Durant cette période, le long de la ligne bleue, la plupart des villages proches de la ligne de démarcation ont été fortement endommagé. Certains plus que d’autres, comme Ayta el Chaeb, Adshit, Maroun el Ras, dont beaucoup ont été quasiment rasés. Cela a logiquement conduit non seulement à des dégâts matériels mais aussi à la mort de civils. Le Hezbollah a signalé la perte de plus de 250 à 280 combattants, mais il y a également eu un nombre élevé de victimes civiles. Cela a contraint une grande partie de la population à quitter son foyer pour se rendre dans d’autres régions du pays. C’est un résultat commun des deux côtés, au nord d’Israël comme au sud du Liban.

L'économie du pays, déjà dans des conditions précaires, subit de graves dommages. Nous nous trouvons désormais dans une situation qui sera très difficile à redresser, notamment dans les territoires qui étaient utilisés pour l'agriculture par la population du sud du Liban. Le climat est grave, il y a eu plusieurs victimes et, comme indiqué, après cinq mois de conflit, aucune solution n'est en vue.

Pouvez-vous nous parler des deux autres missions1 des Nations Unies présents dans la région ?

Toutes les missions dans la zone subissent des répercussions sur la mise en œuvre de leur mandat.

Quant à la résolution 1701 de la FINUL, elle traverse également des moments difficiles mais ses principes restent toujours valables. Disons qu'au Conseil de sécurité et dans les deux partis, il existe un fort désir de mise en œuvre de la résolution 1701, peut-être plus maintenant qu'auparavant, et il en va de même pour les deux autres missions dans la région.

Il est important que les différents interlocuteurs politiques, y compris au niveau international, s’efforcent de trouver une solution. Jamais auparavant il n’y a eu autant d’autorités politiques dans cette partie du monde.
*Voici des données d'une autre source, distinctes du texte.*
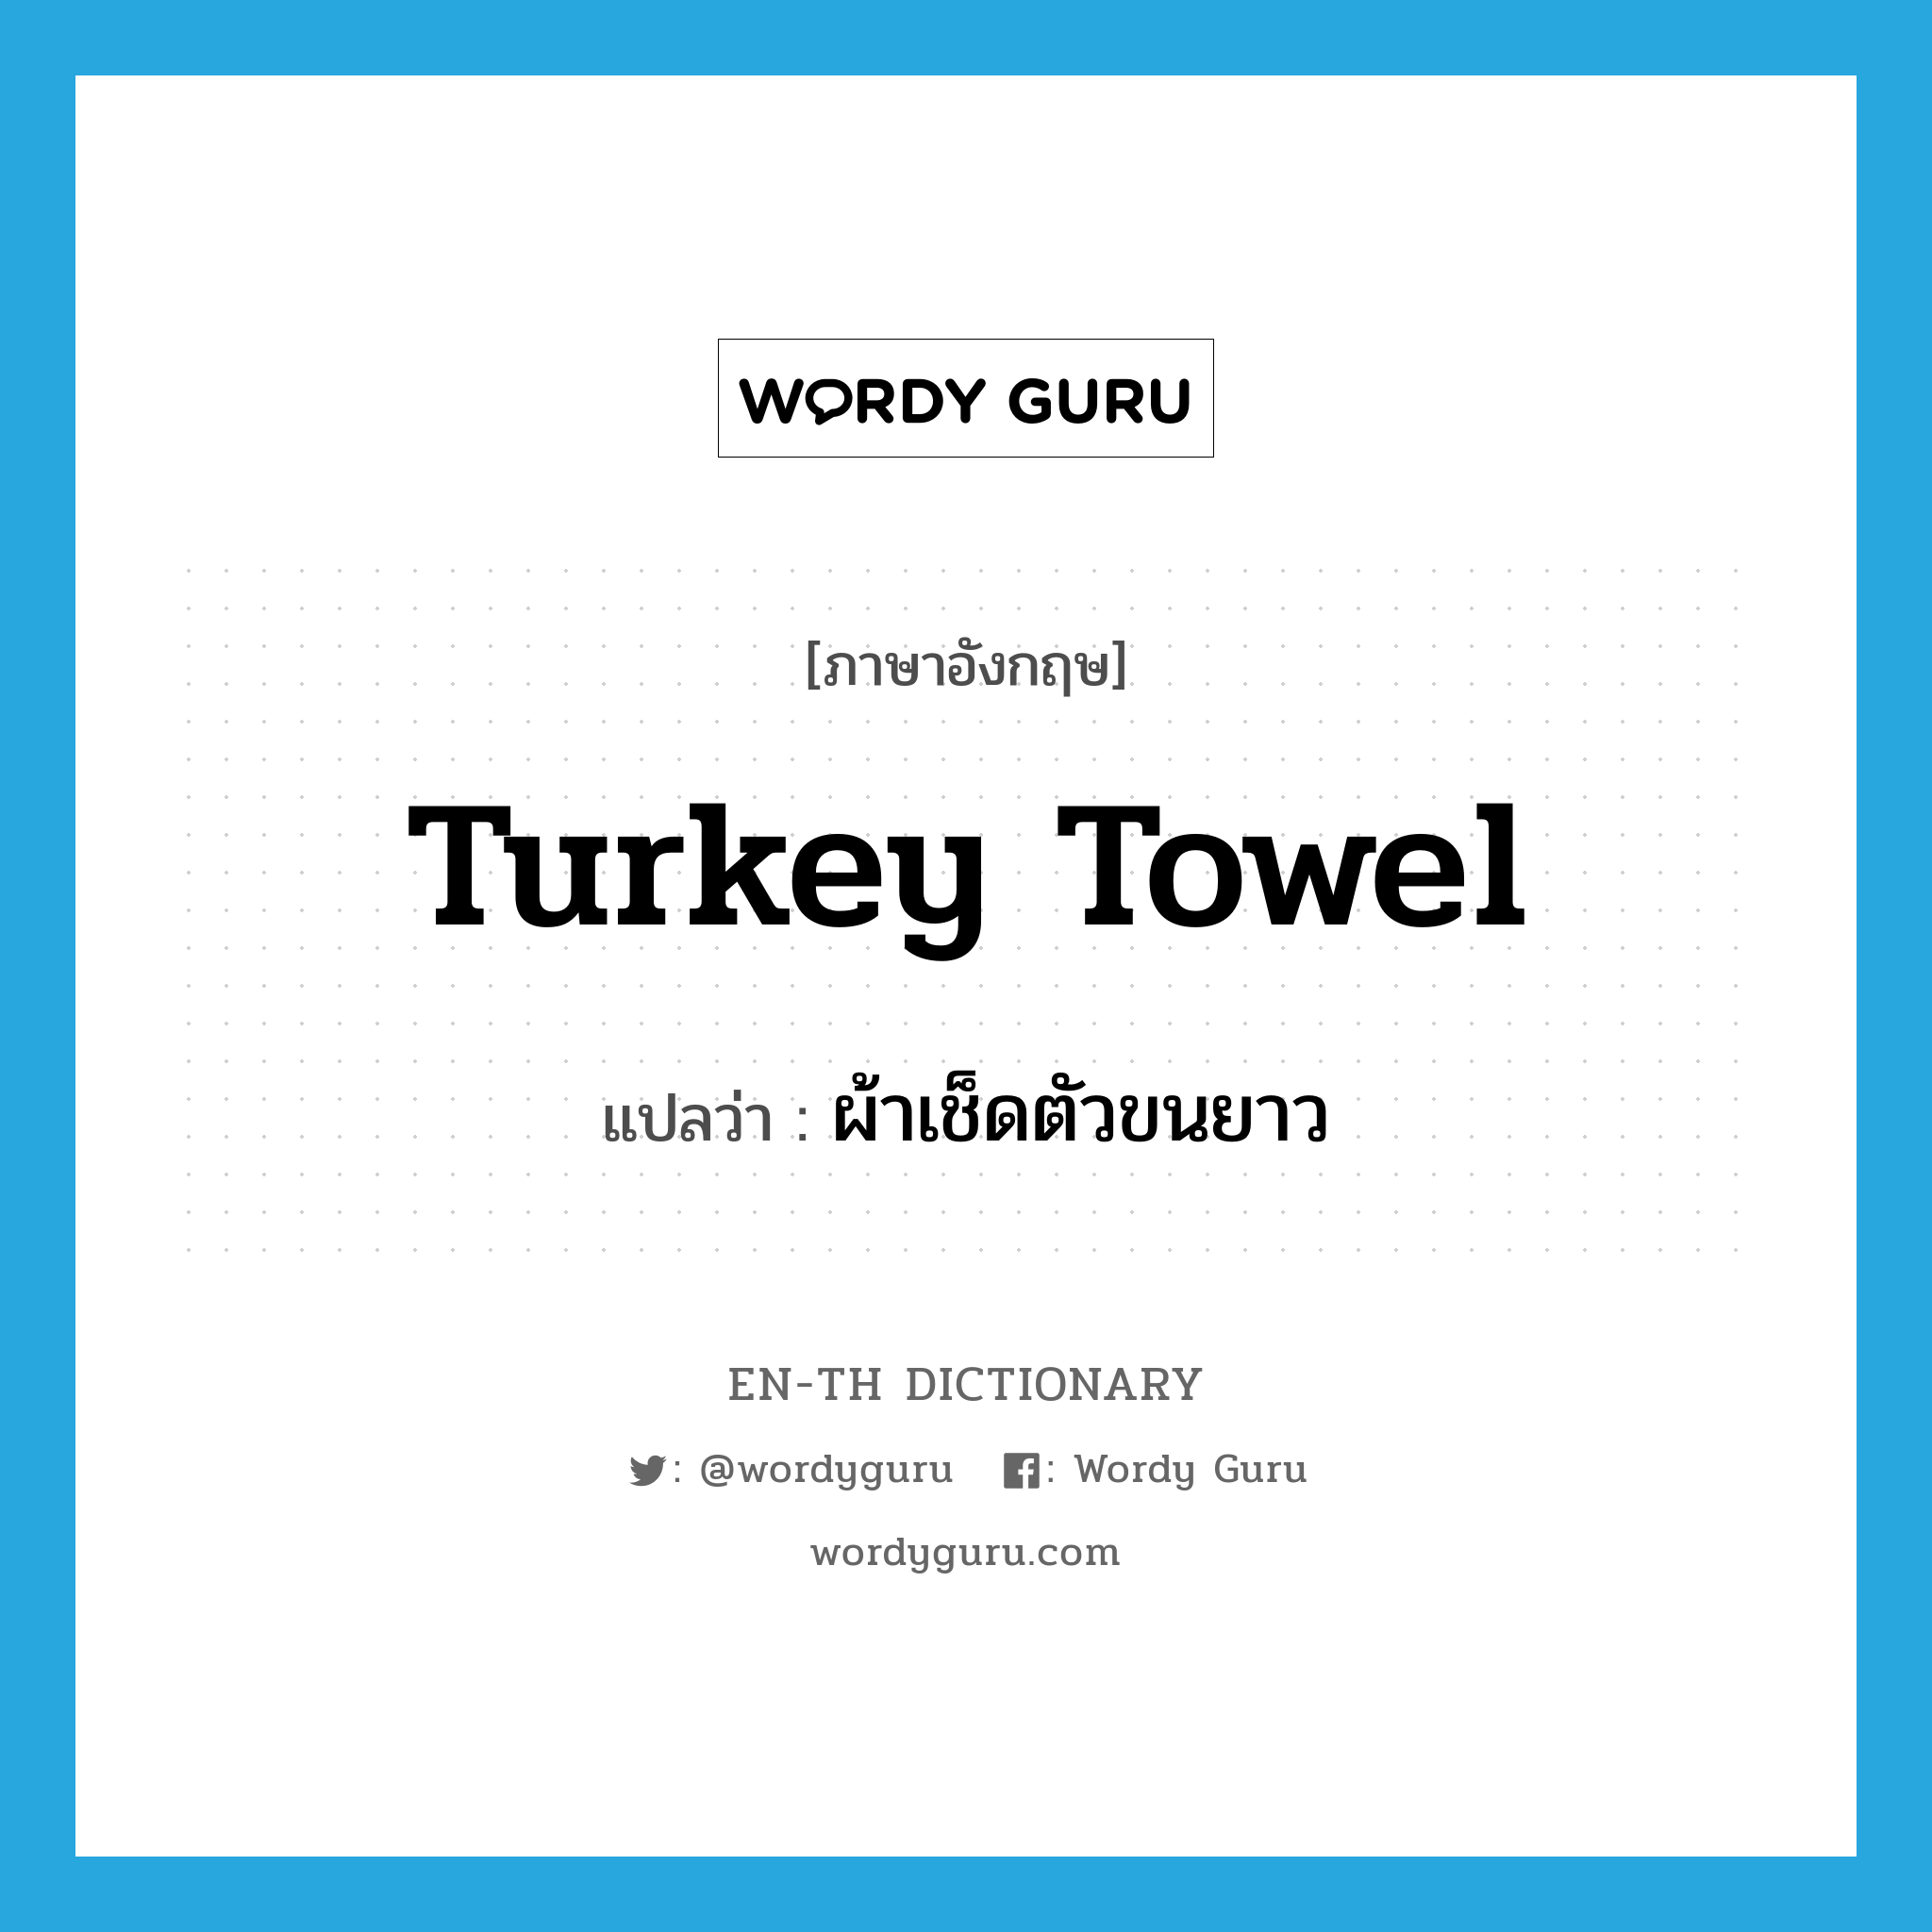 Turkey towel แปลว่า?, คำศัพท์ภาษาอังกฤษ Turkey towel แปลว่า ผ้าเช็ดตัวขนยาว ประเภท N หมวด N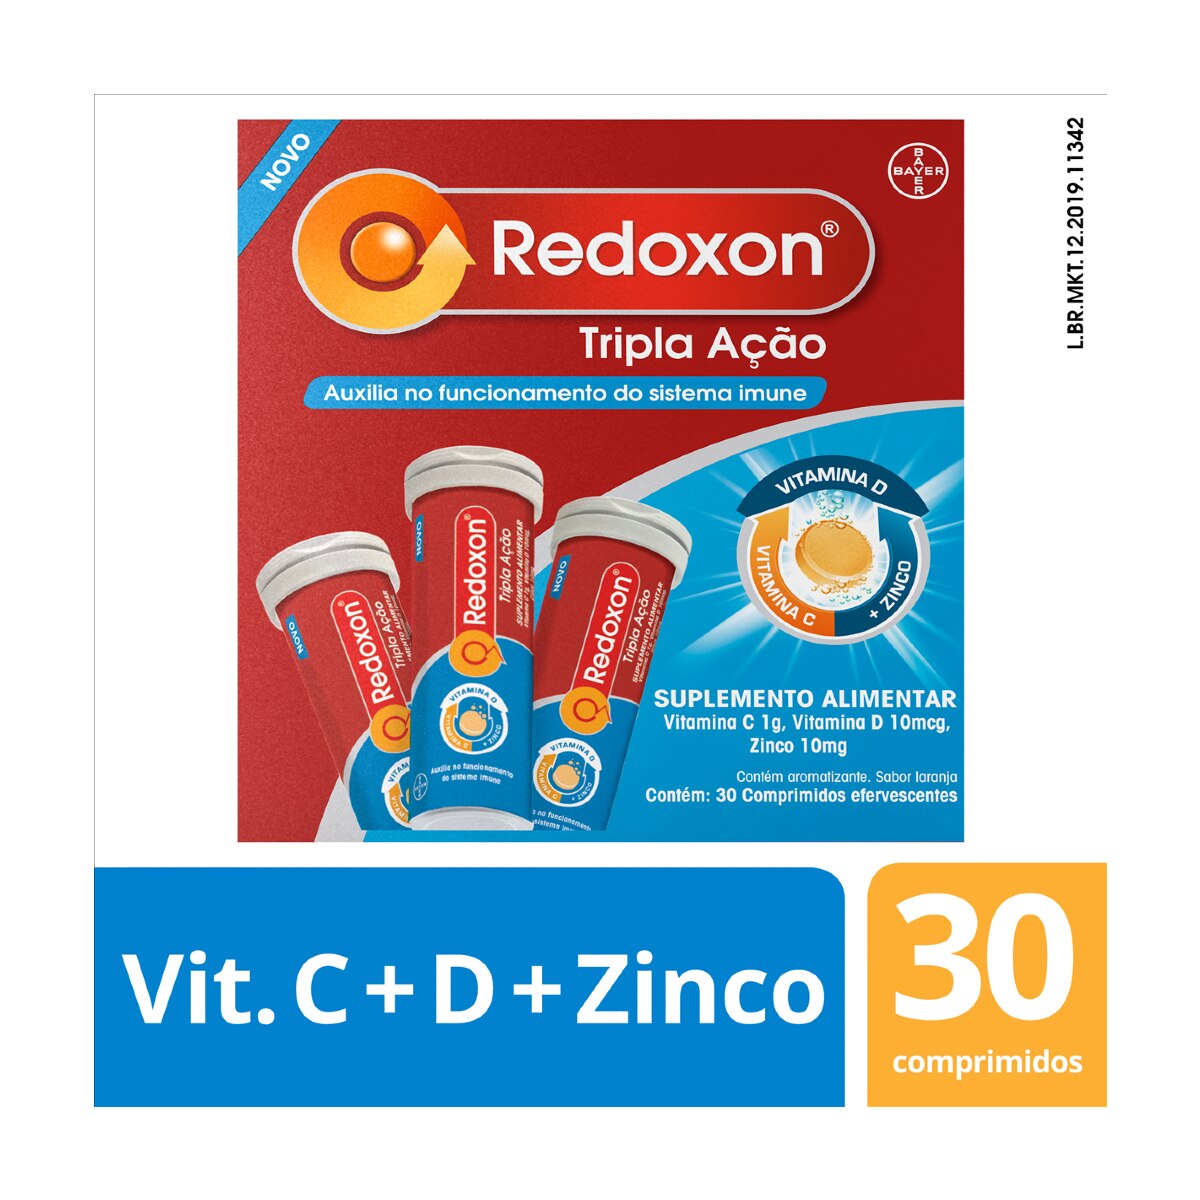 Redoxon Tripla Acao 30 Comprimidos Efervescentes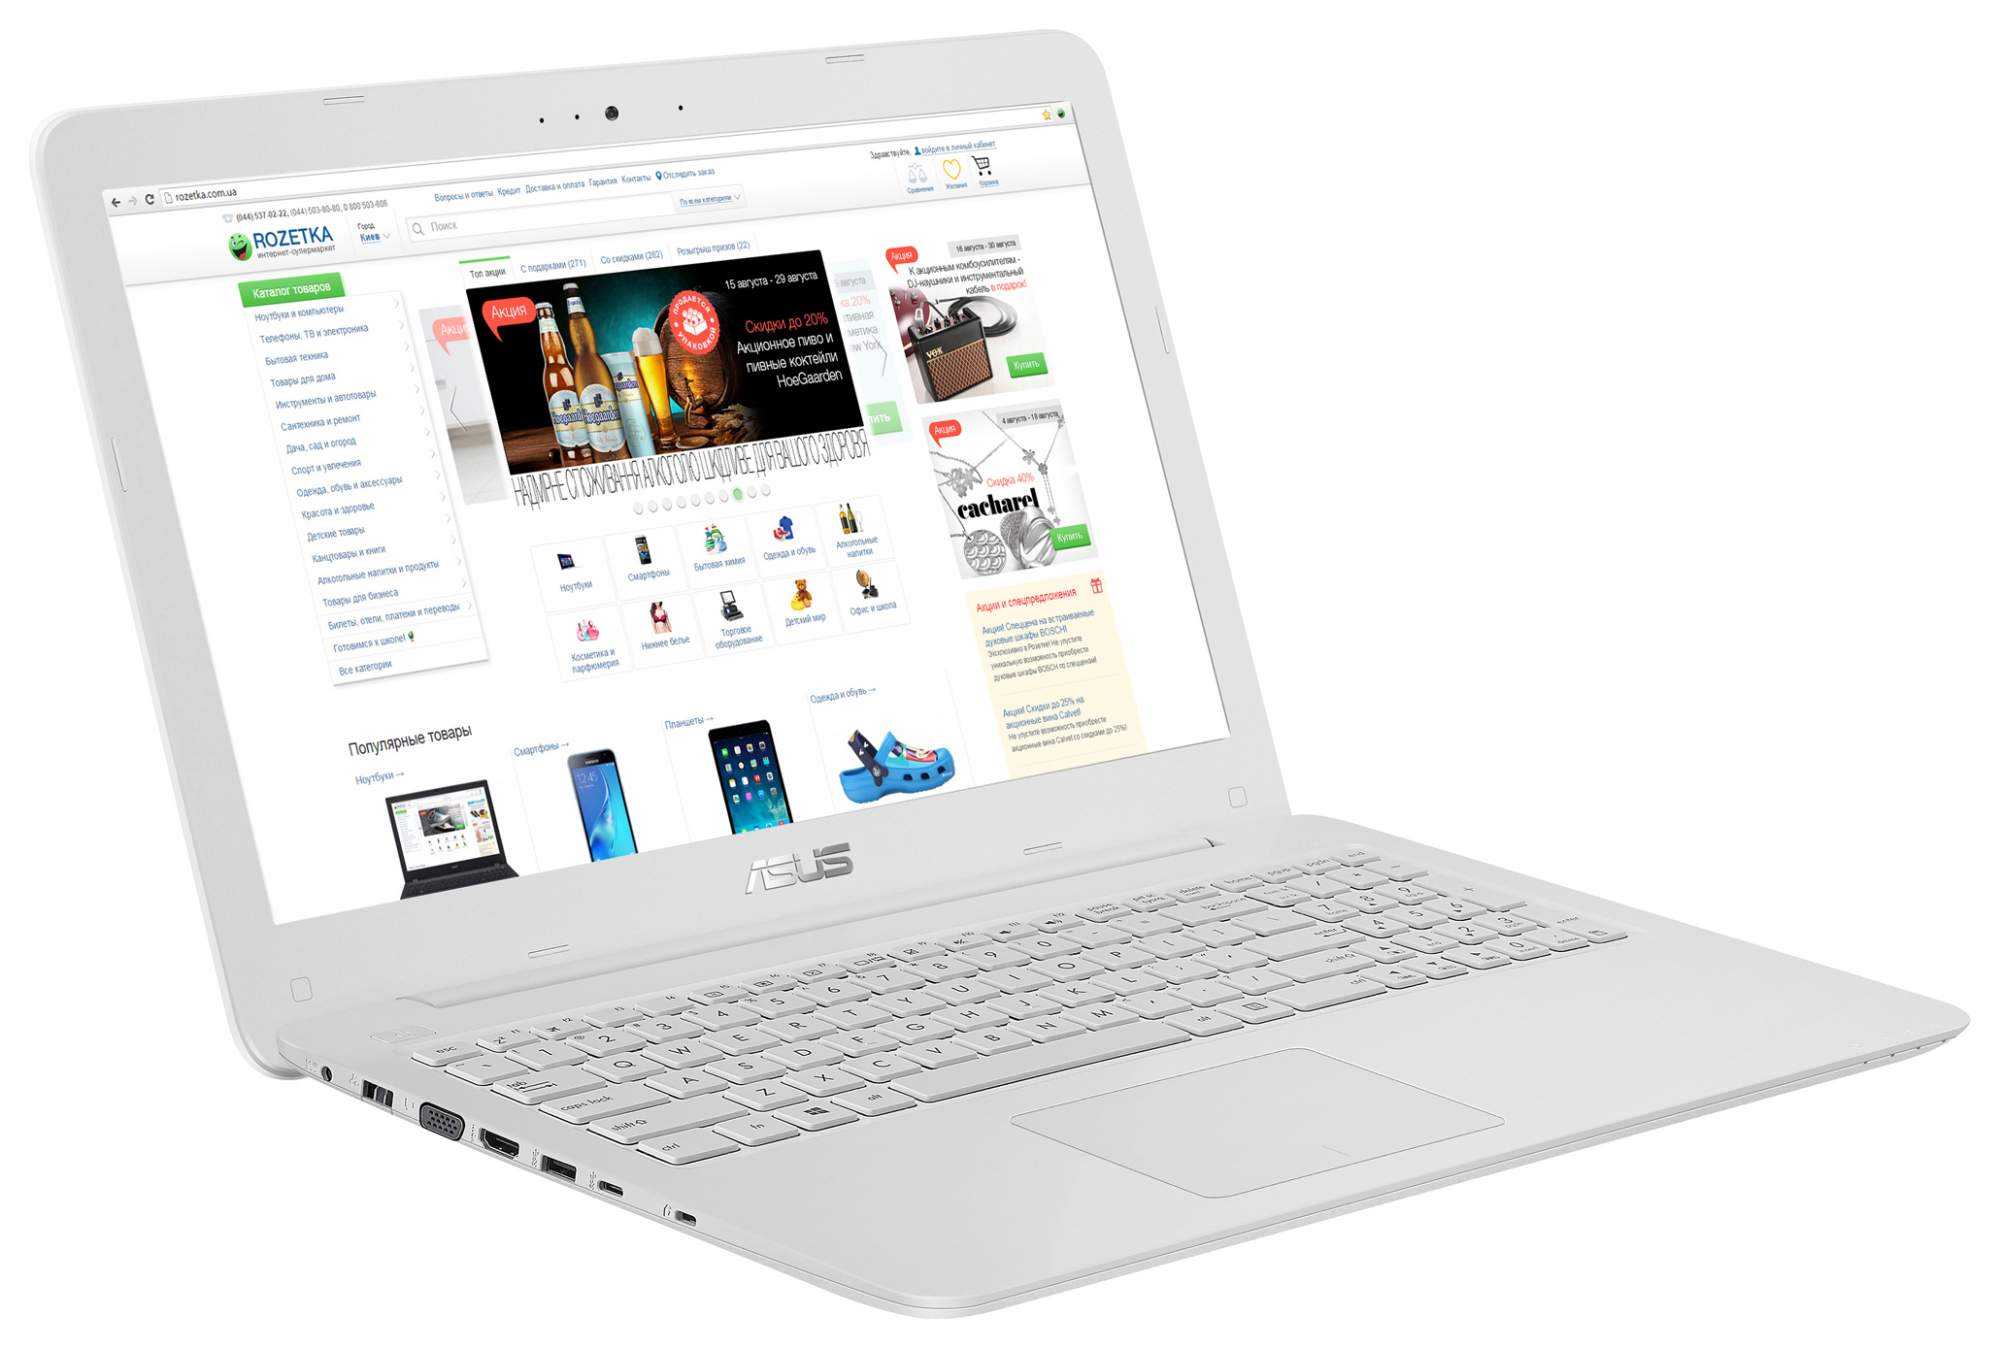 Отзывы asus vivobook max x541uv | ноутбуки asus | подробные характеристики, видео обзоры, отзывы покупателей

En tant que mission, nous pouvons ouvrir une fenêtre d’opportunité entre les parties pour rechercher des solutions, mais nous ne pouvons pas remplacer le dialogue politique. Nous sommes ici pour mettre en œuvre un mandat comme toutes les autres missions. Nous verrons les résultats des négociations. La FINUL est là pour mettre en œuvre toute décision de la communauté internationale.

On se souvient du dernier événement du 30 mars qui a impliqué trois observateurs onusiens de l'OGL (Lebanon Observers Group) à Rmeish au sud du Liban.